[Exercise instructions]:
After removing every image, reproduce the data exactly as it appears.

[Supplied information]:
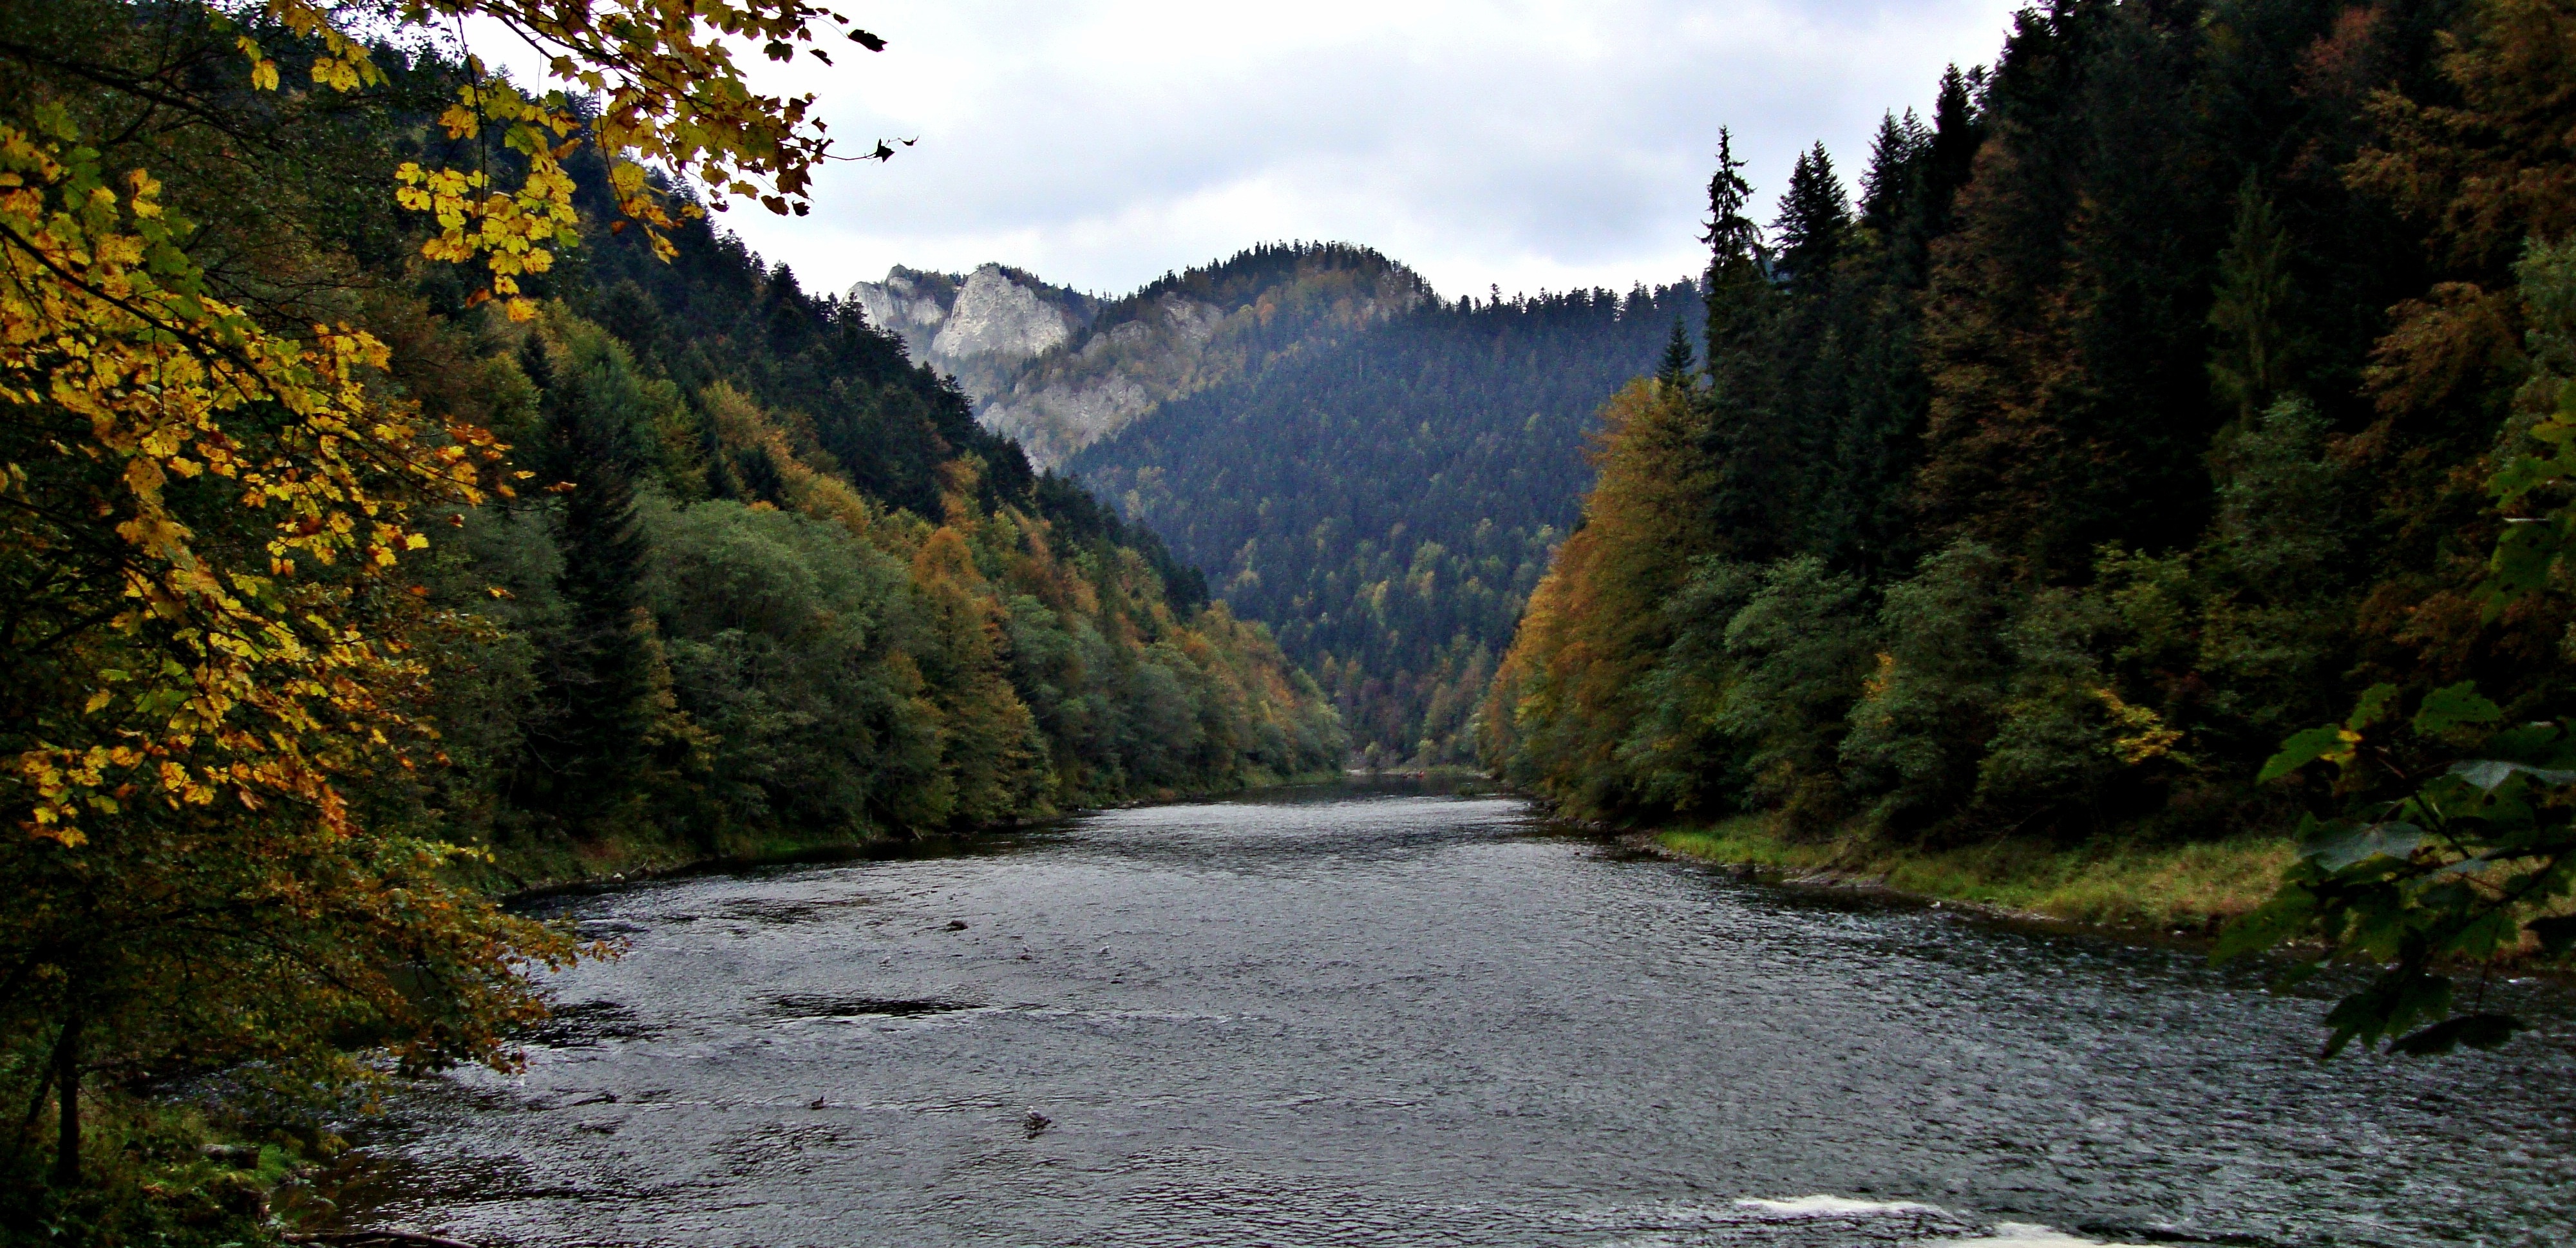 river in between pine trees
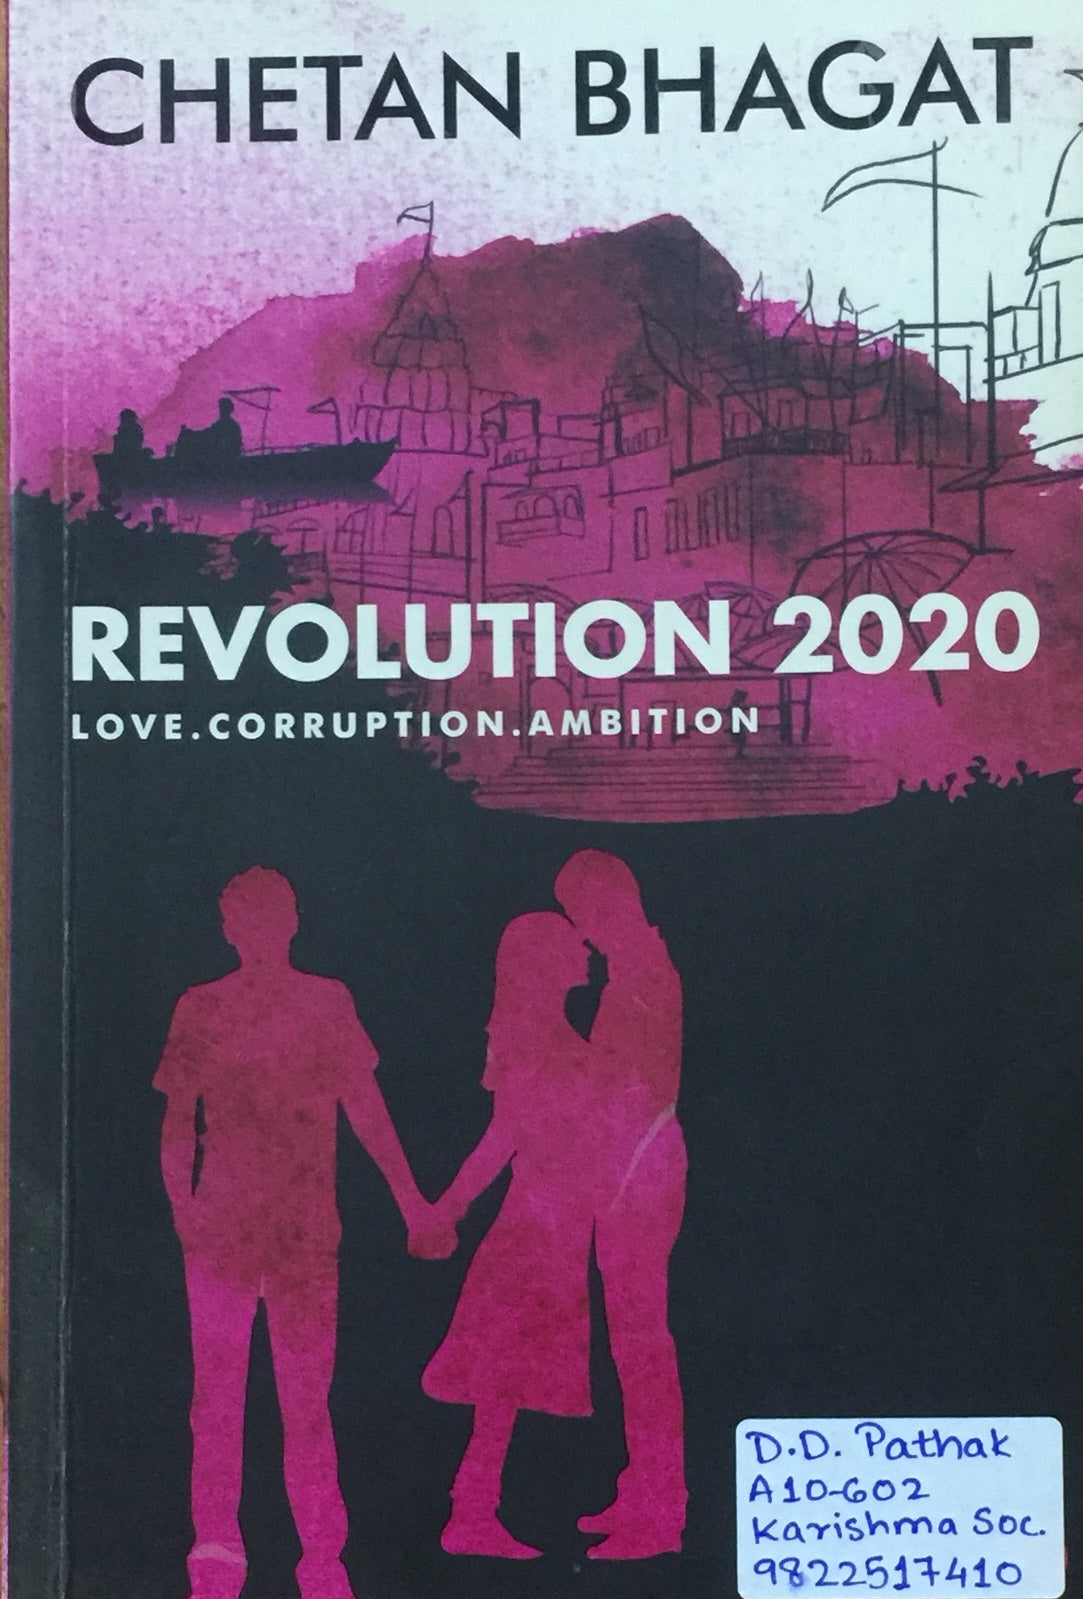 Revolution 2020 by Chetan Bhagat  Half Price Books India Books inspire-bookspace.myshopify.com Half Price Books India
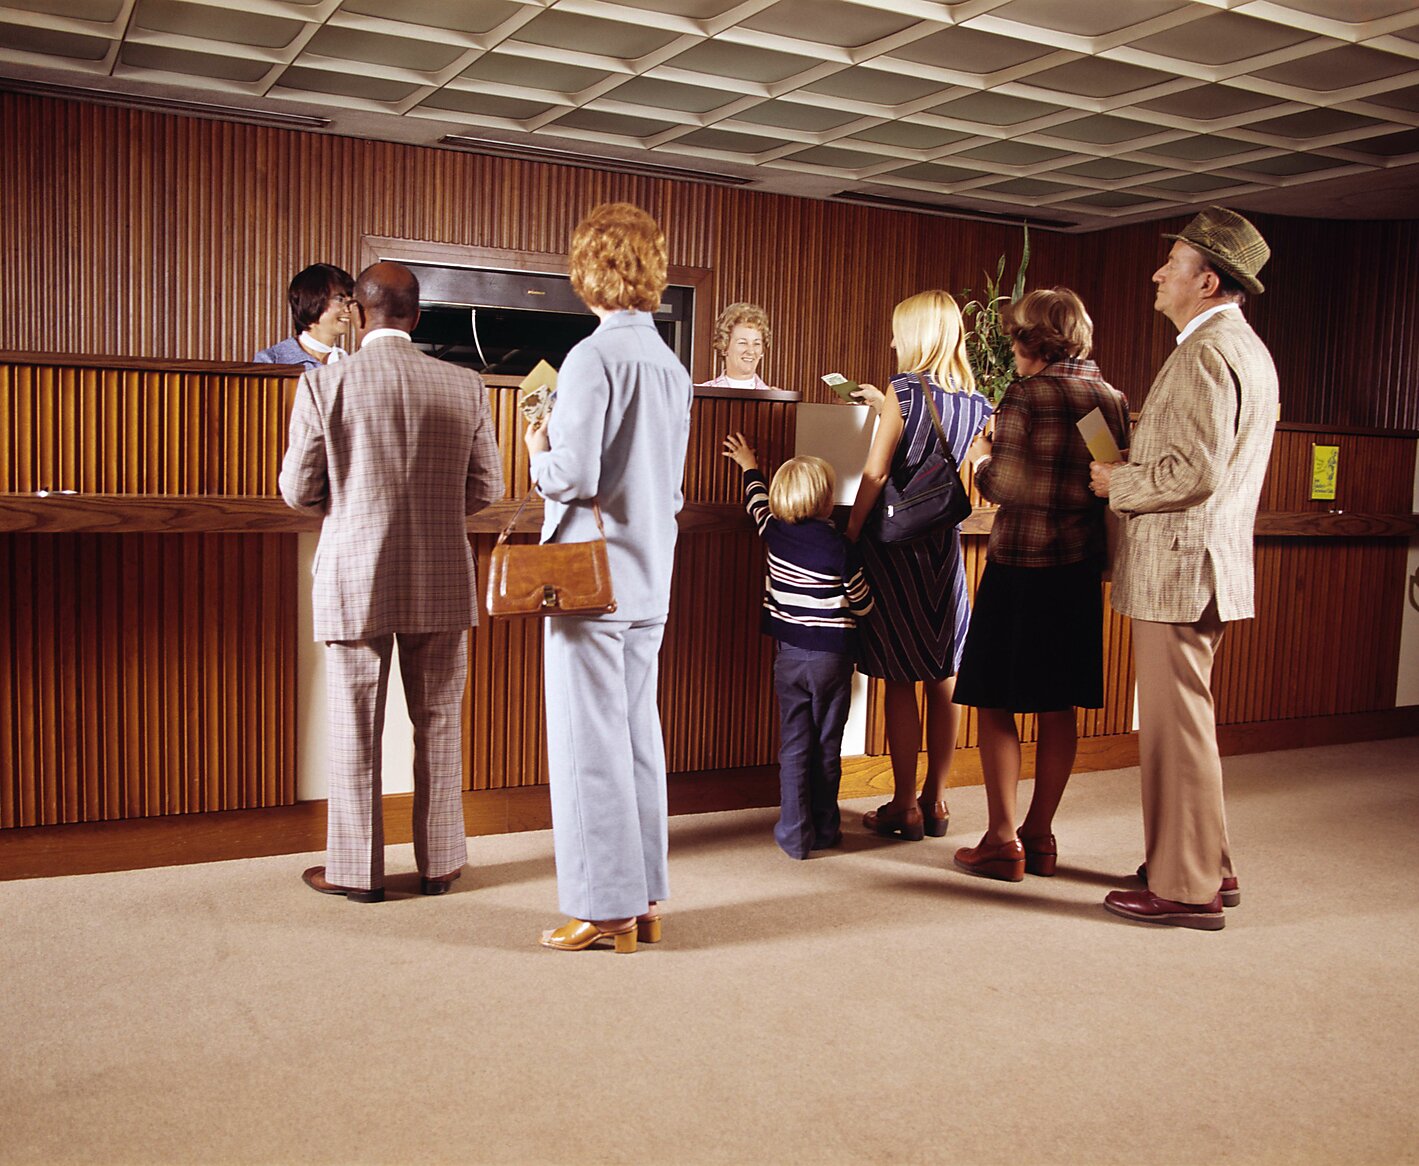 1970s bank customers wait in line
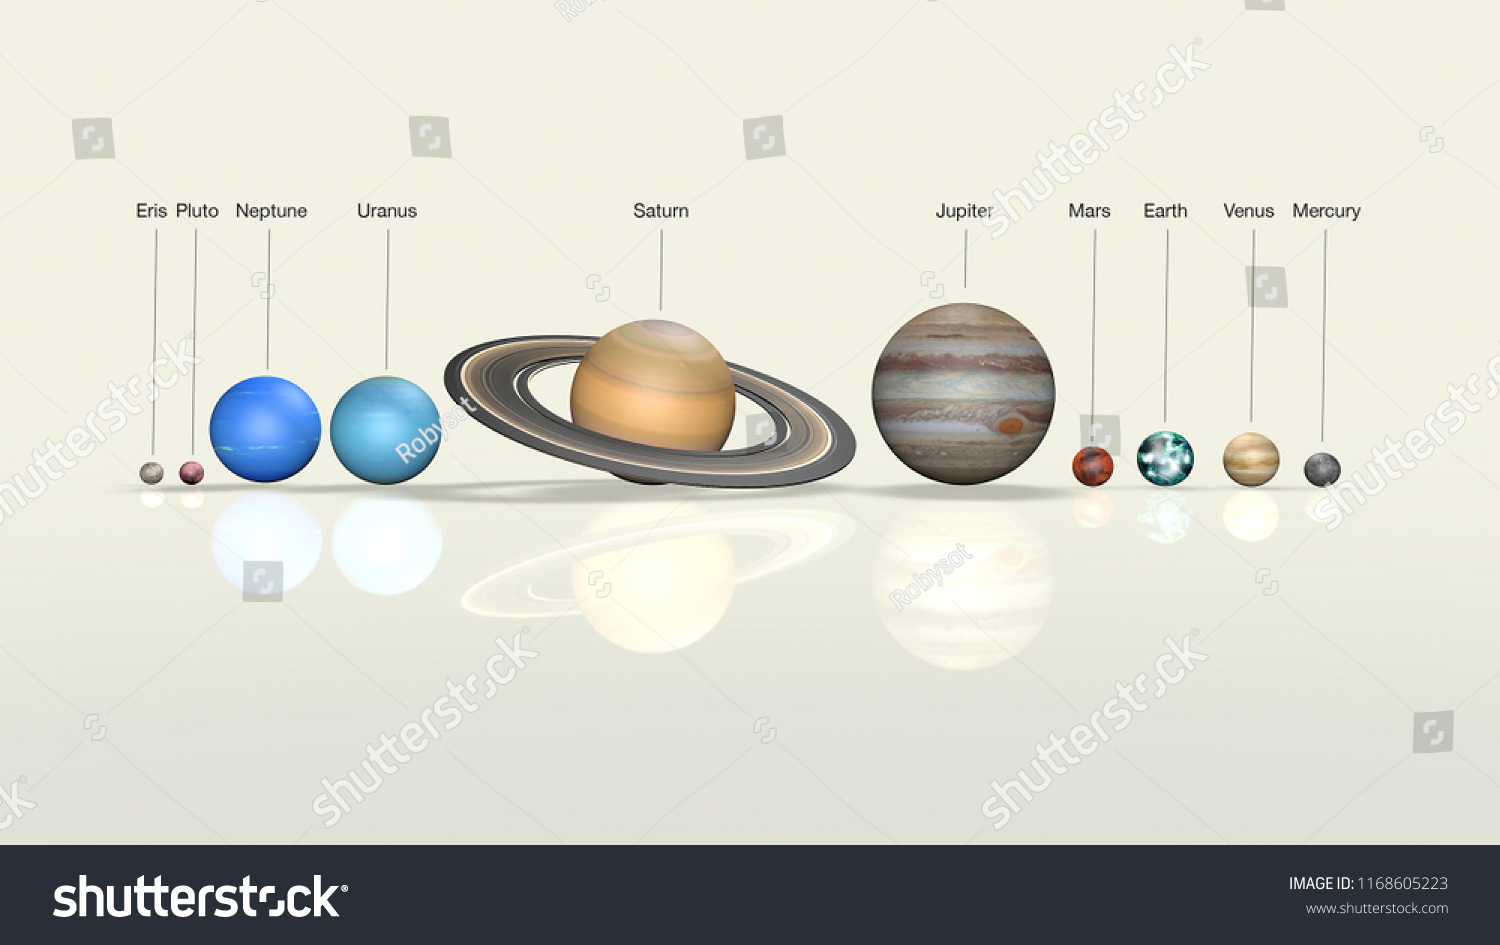 Solar System Comparison Size Planets 3d Stock Illustration 1168605223 3567

[Exercise response]:
 river in between pine trees
 Revolution 2020 by Chetan Bhagat  Half Price Books India Books inspire-bookspace.myshopify.com Half Price Books India
 1970s bank customers wait in line
 Solar System Comparison Size Planets 3d Stock Illustration 1168605223 3567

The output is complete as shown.